§ **Prompt**
Please transcribe the data below in full. Omit any picture you find in it.

§ **Source material**
*** Block opens ***

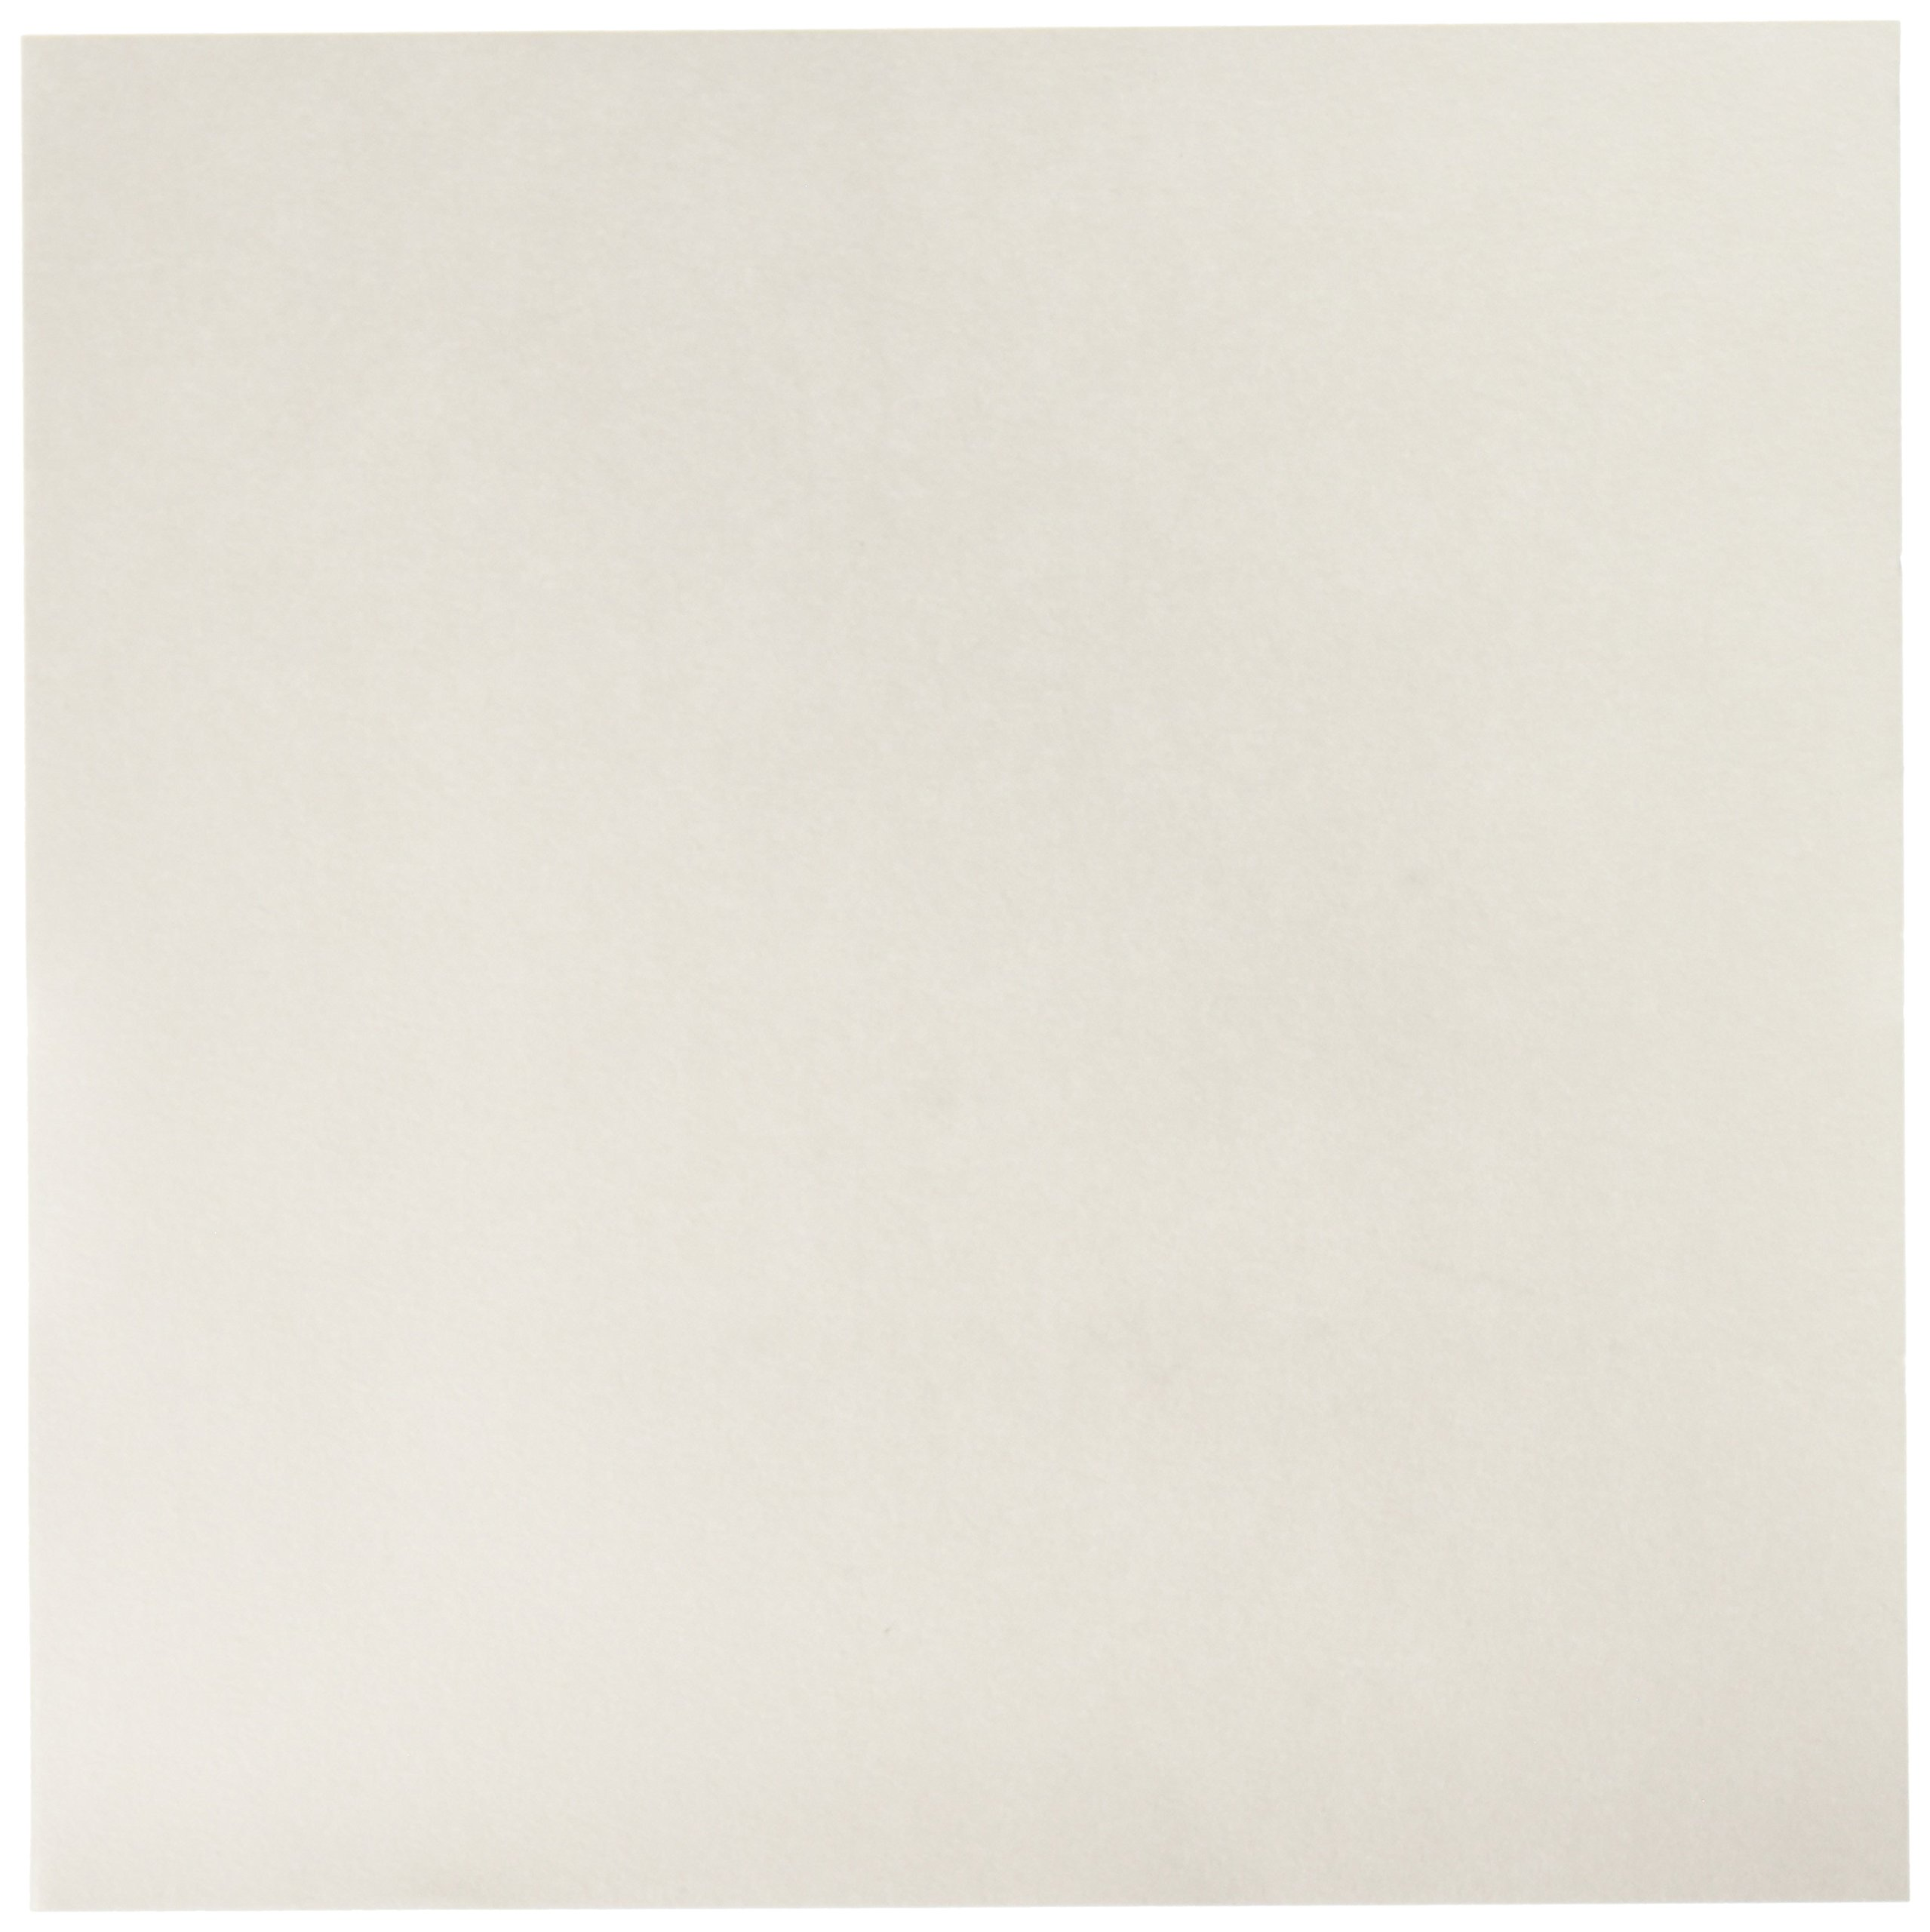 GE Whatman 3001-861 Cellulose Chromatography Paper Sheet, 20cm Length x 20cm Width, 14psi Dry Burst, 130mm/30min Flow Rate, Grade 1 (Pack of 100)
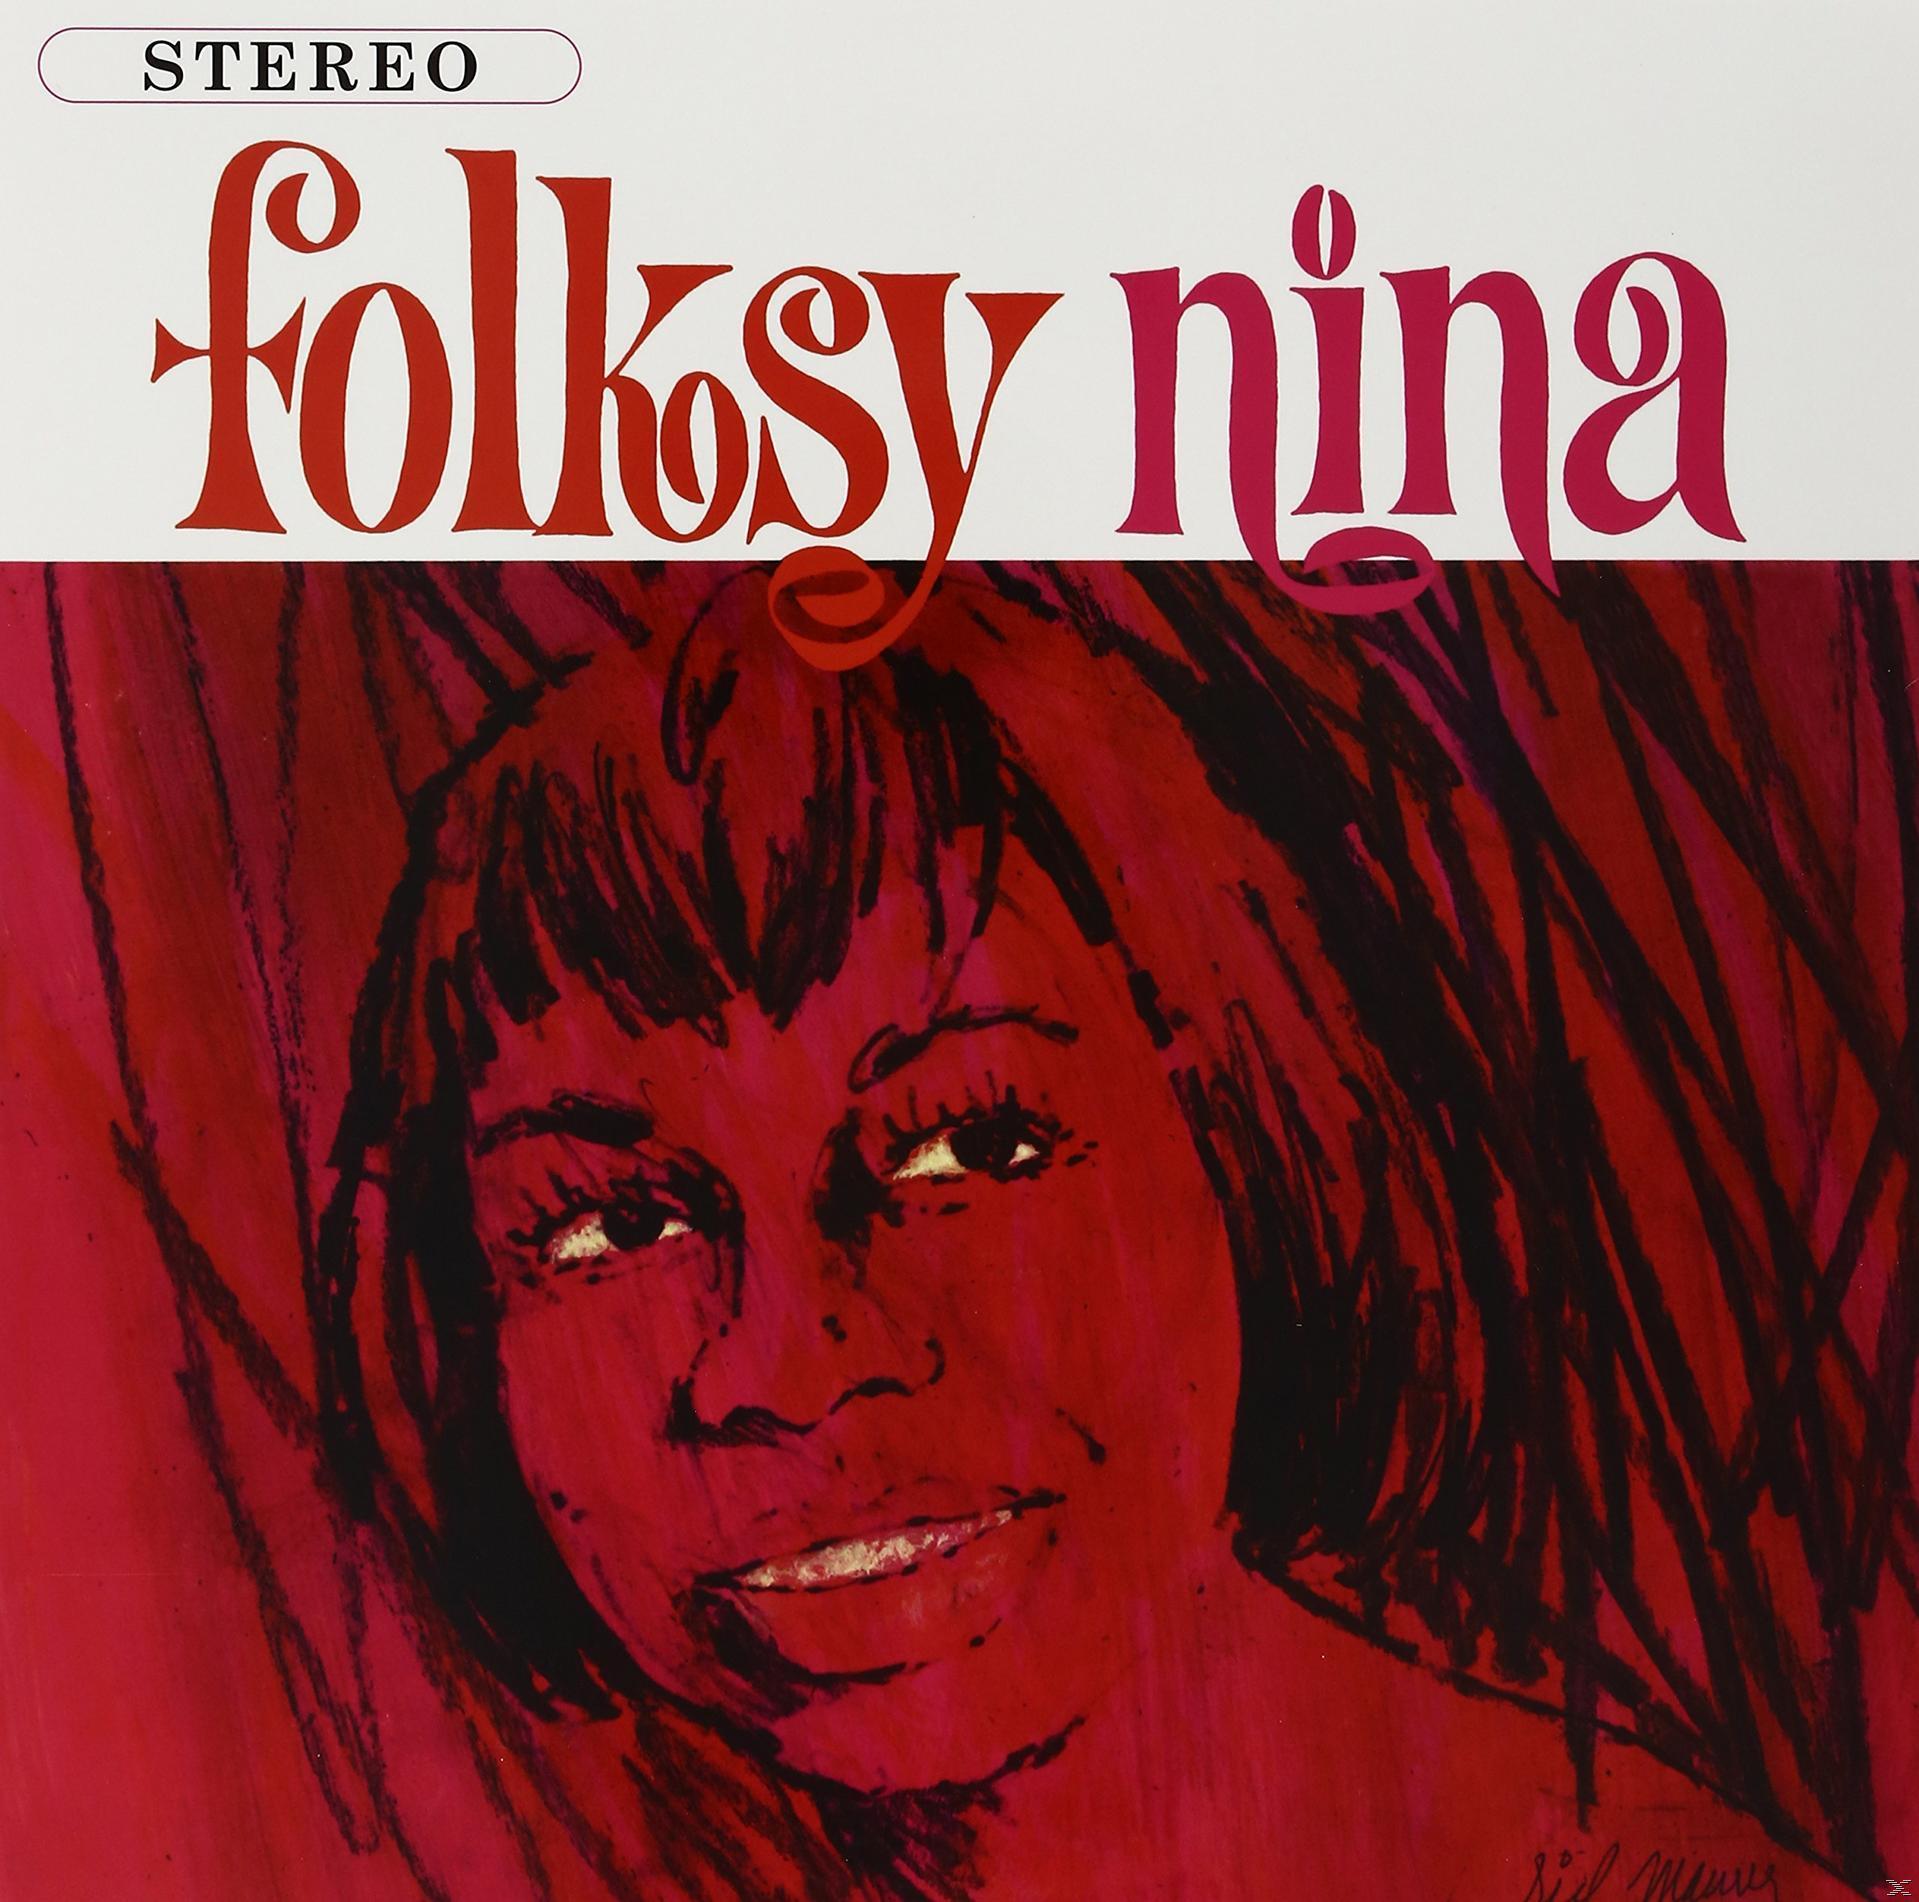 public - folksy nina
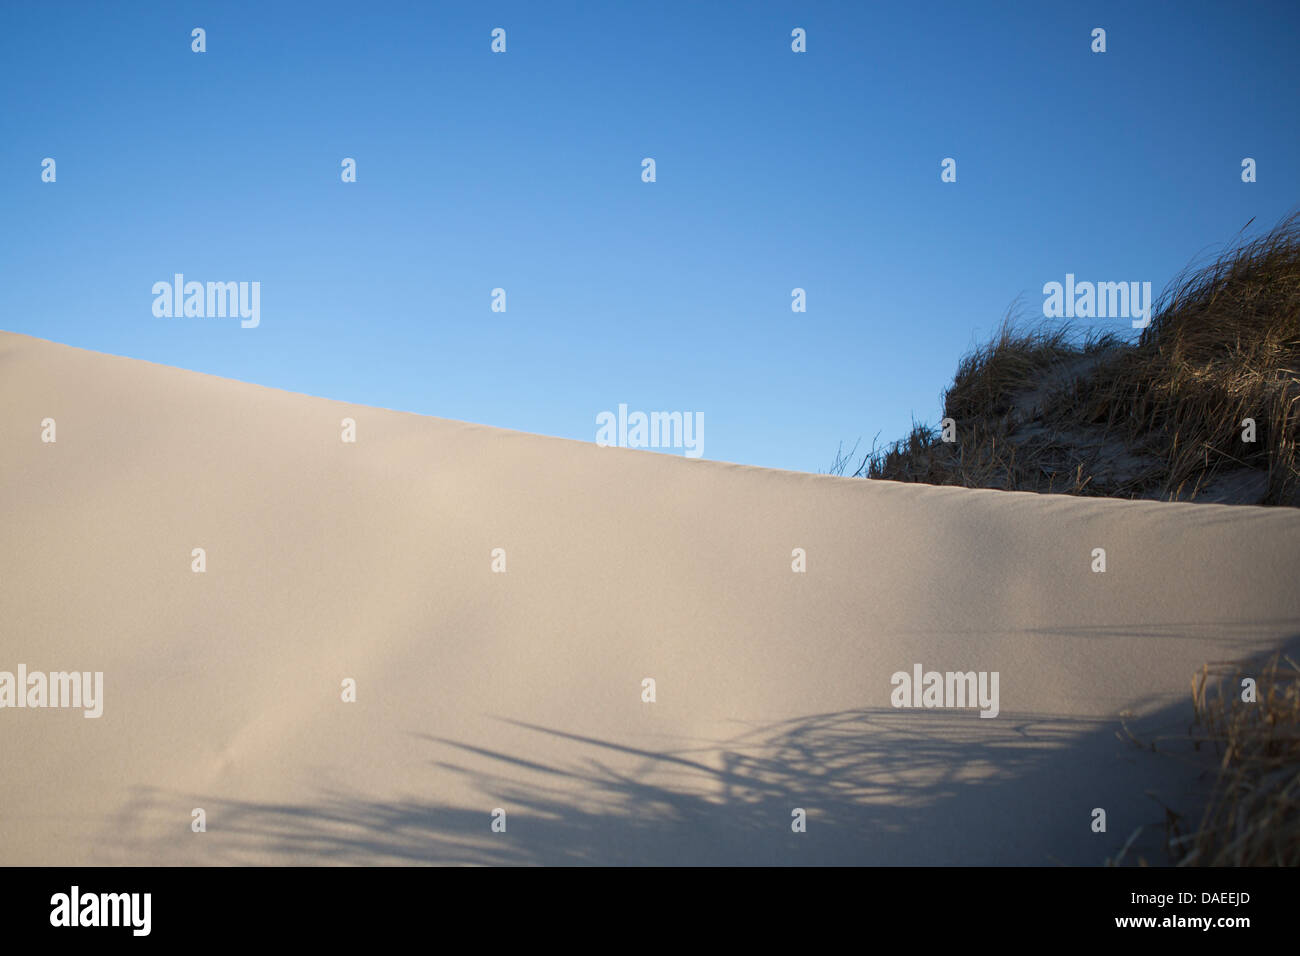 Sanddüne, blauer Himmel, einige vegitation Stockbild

*** Block closes ***

§ **Task output**
 GE Whatman 3001-861 Cellulose Chromatography Paper Sheet, 20cm Length x 20cm Width, 14psi Dry Burst, 130mm/30min Flow Rate, Grade 1 (Pack of 100)
 public - folksy nina
 Sanddüne, blauer Himmel, einige vegitation Stockbild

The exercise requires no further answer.